▸ **YOUR ASSIGNMENT**
Each line of the data must be given back verbatim, with pictures removed.

++++ INFORMATION SHOWN

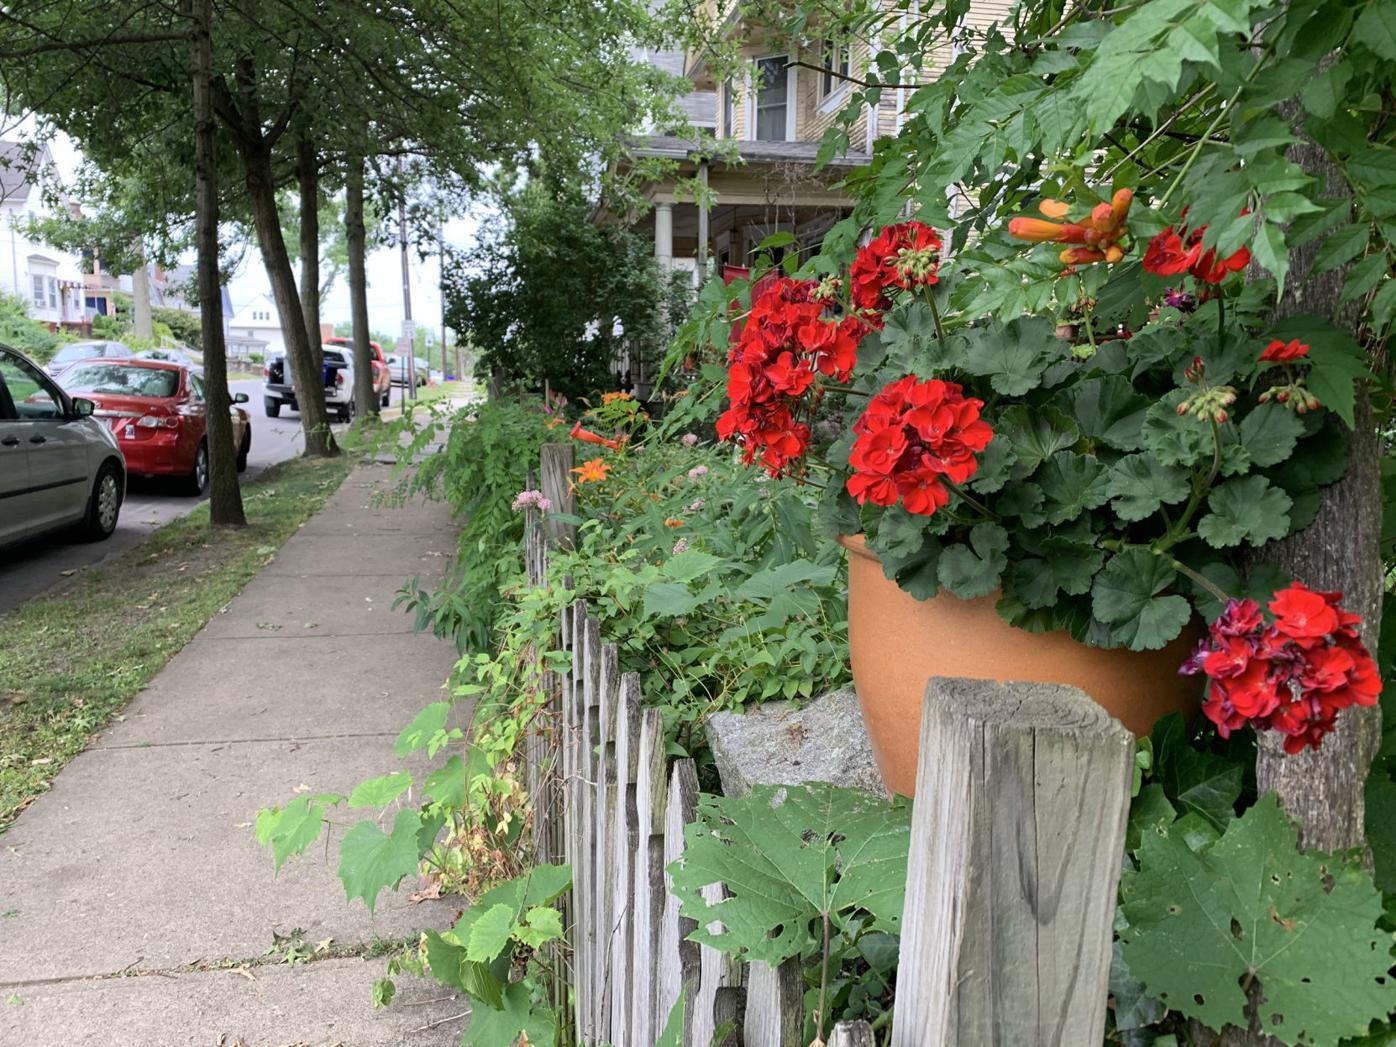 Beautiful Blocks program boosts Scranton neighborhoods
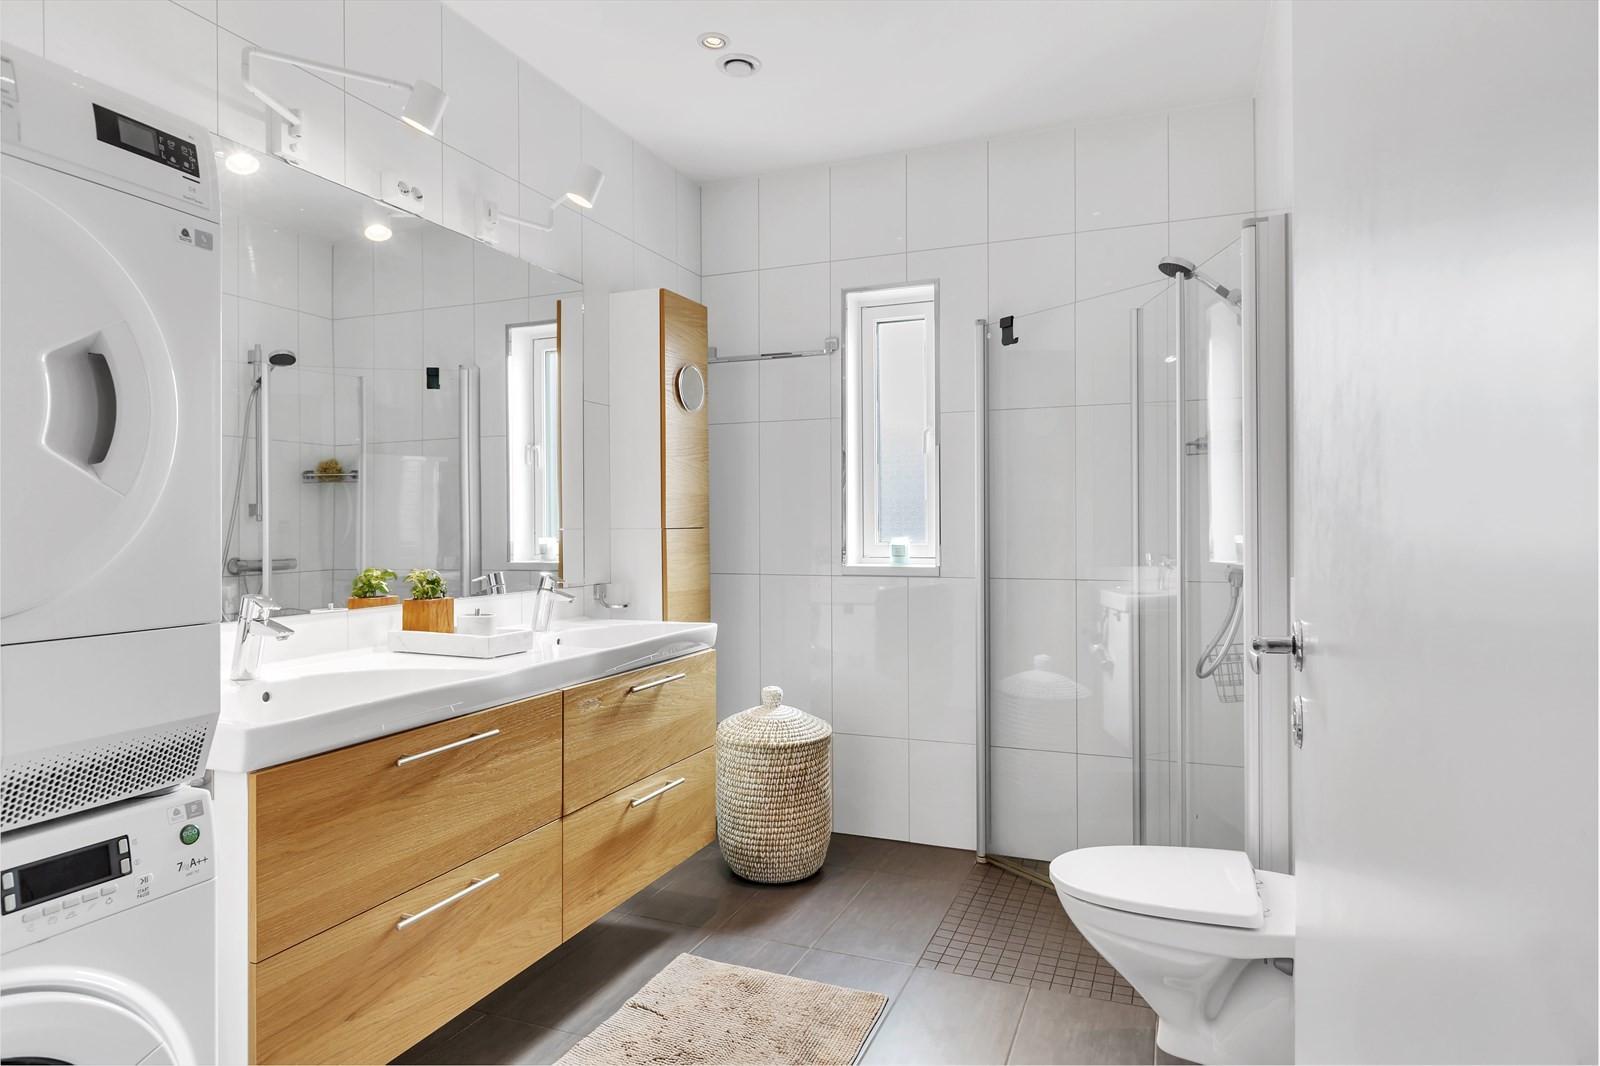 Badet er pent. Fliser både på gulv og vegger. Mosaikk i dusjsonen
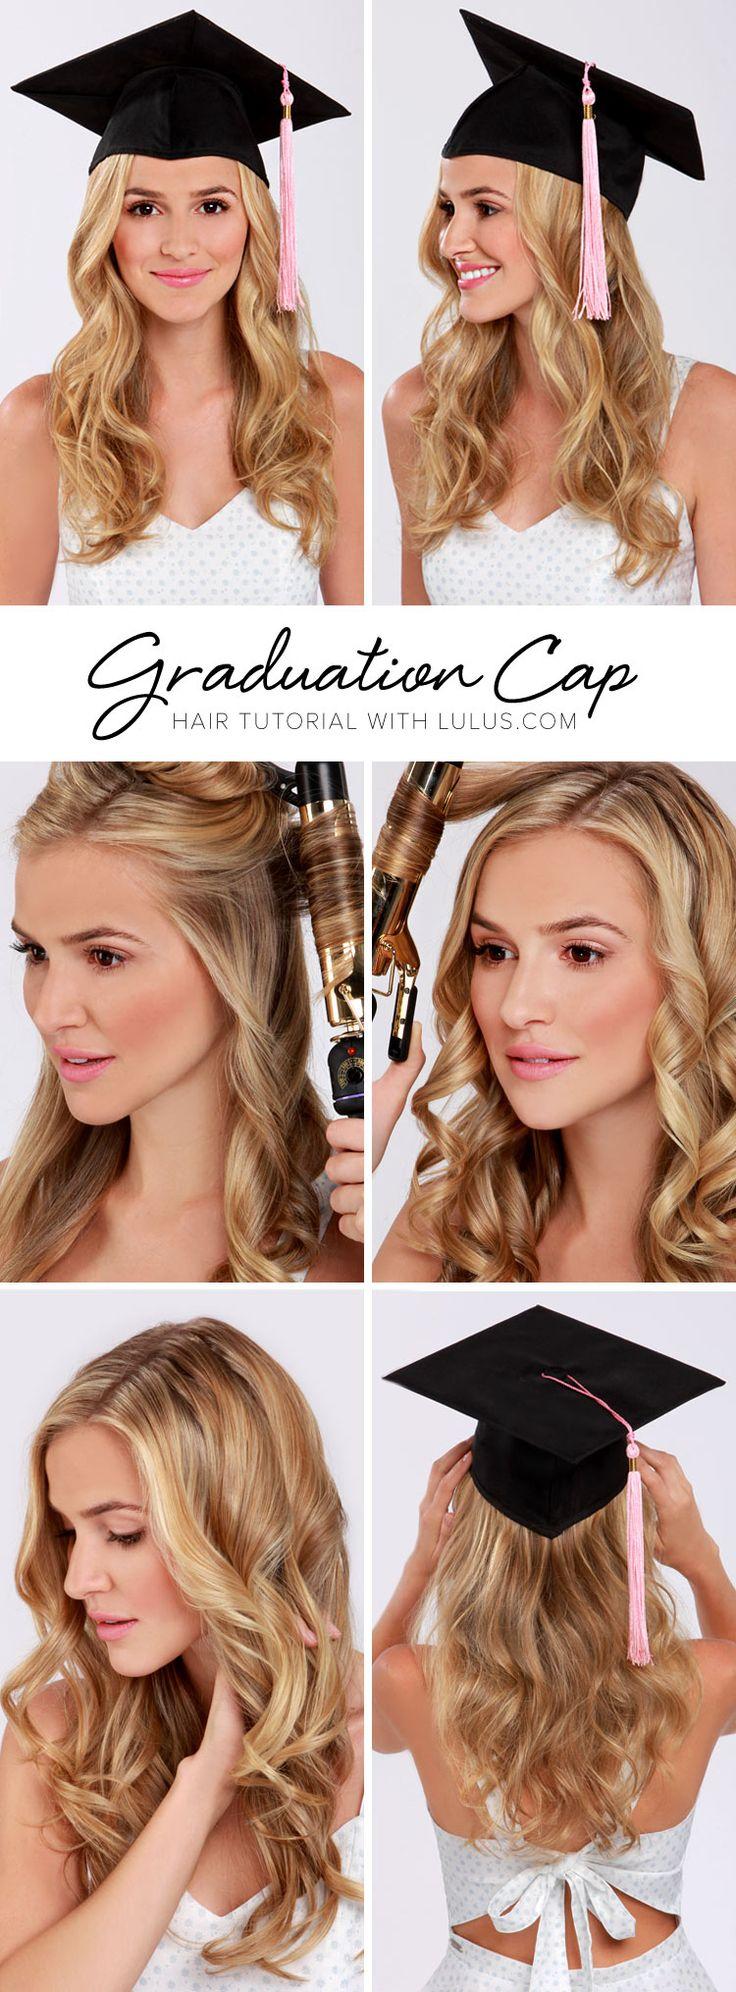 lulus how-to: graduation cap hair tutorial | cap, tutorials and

++++++++

▸ **RESPONSE TO THE TASK**
 Beautiful Blocks program boosts Scranton neighborhoods
 Badet er pent. Fliser både på gulv og vegger. Mosaikk i dusjsonen
 lulus how-to: graduation cap hair tutorial | cap, tutorials and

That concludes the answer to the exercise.